High-level UN event tackles biggest refugee and migration crisis since Second World War

Children, women and men who have fled their homes amid the ongoing refugee and migrant crisis, stand outside small tents in a park next to the bus and train stations in Belgrade, the Serbian capital. Photo: UNICEF/ Shubuckl

30 September 2015 – As the world confronts the biggest refugee and migration crisis since the Second World War, Secretary-General Ban Ki-moon today convened a high-level meeting on the issue and outlined eight guiding principles to improve preparedness.

“We must step up our work to prevent and stop wars and persecution. But we know that conflicts will not disappear overnight. More people will flee crisis, and people will keep moving in search of better opportunities. We must be better prepared,” Mr. Ban told participants.

The meeting, held at United Nations Headquarters on the side-lines of the high-level segment of the UN General Assembly, provides an important opportunity for Member States to discuss the challenges and responsibilities, as well as the opportunities, that large migrant and refugee movements bring.

Mr. Ban outlined eight guiding principles to improve preparedness, beginning with saving lives. “The preservation of life must guide all our efforts, from asylum policies to robust search-and-rescue mechanisms,” he stated.

Also vital is protection; non-discrimination; preparedness to better adjudicate claims; responsibility sharing in terms of boosting the number of refugee resettlement places; better cooperation between countries of origin, transit and destination; managed migration to ensure safe and legal channels for refugees and migrants; anticipating future challenges – including the plight of those escaping areas progressively ravaged by climate change.
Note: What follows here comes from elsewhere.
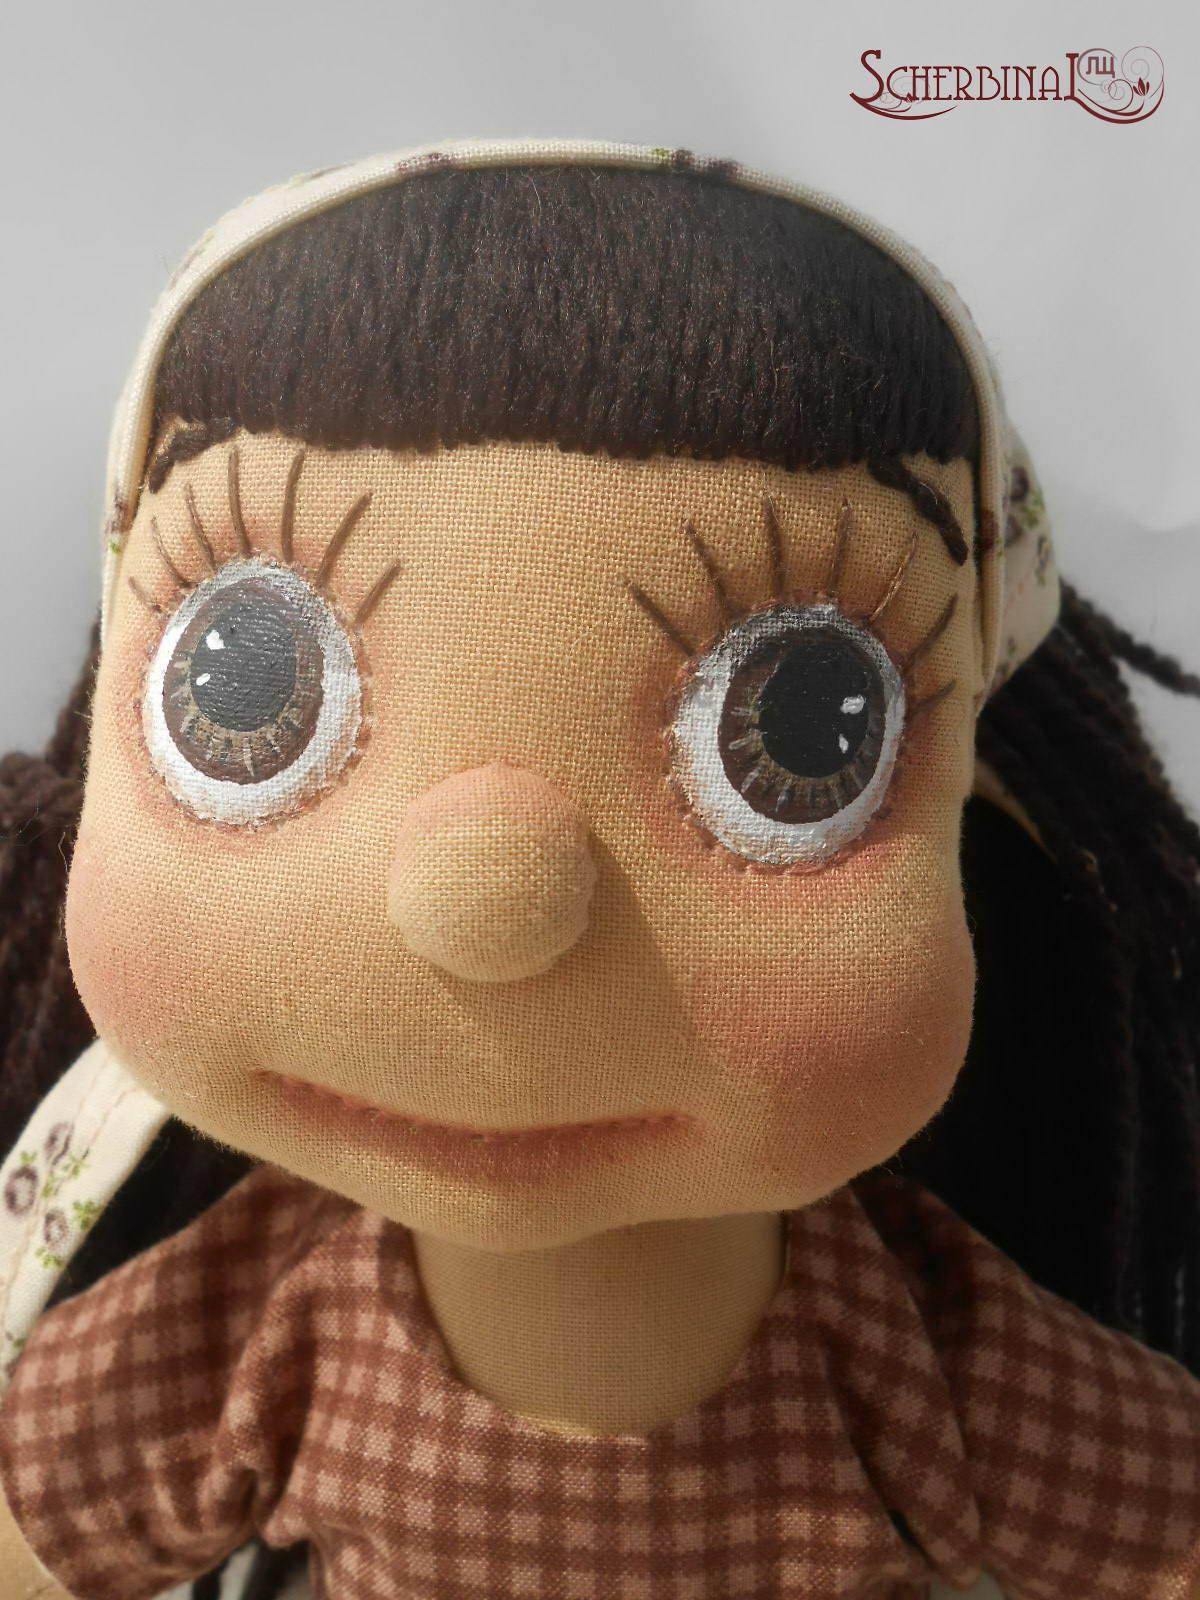 мастер-клас по росписи лица игровой текстильной куклы-карамельки Людмилы Щербина

“Together, we must translate these principles into reality,” Mr. Ban stressed.

Recalling the haunting photograph of a lifeless Syrian toddler laying on a Turkish beach, the Secretary-General said such an image, while symbolizing deficiencies and failures, can also catalyse solutions.

“Let us make sure that the heartbreaking death of Aylan Kurdi – and so many other nameless tragedies – compel us to move forward together and see the long-term benefits of integrating refugees and migrants.”

The Secretary-General’s Special Representative for International Migration, Peter Sutherland, said the issues being discussed are “issues for humanity” that are not going to go away, and which are likely to grow in the coming period.

Stressing the need for cooperation, he noted that there are still far too many countries which believe in unilateral action to address migration challenges. “Cooperation is central to where we have to go. Those who seek unilateral solutions sometimes rely on sovereignty. But the only way to exercise sovereignty effectively in the day and age in which we live is through cooperation in an interdependent world. If we don’t take that course, then the winners will be those who seek to undermine society and the rule of society which we all claim to wish to uphold,” he stated.

“In the context of migration, the winners will be smugglers, traffickers and unscrupulous employers. Those who lose will be the dispossessed, the hungry, the vulnerable, the defenceless and the children.”

He also underscored the principle of global responsibility, stating that “proximity doesn’t determine responsibility.”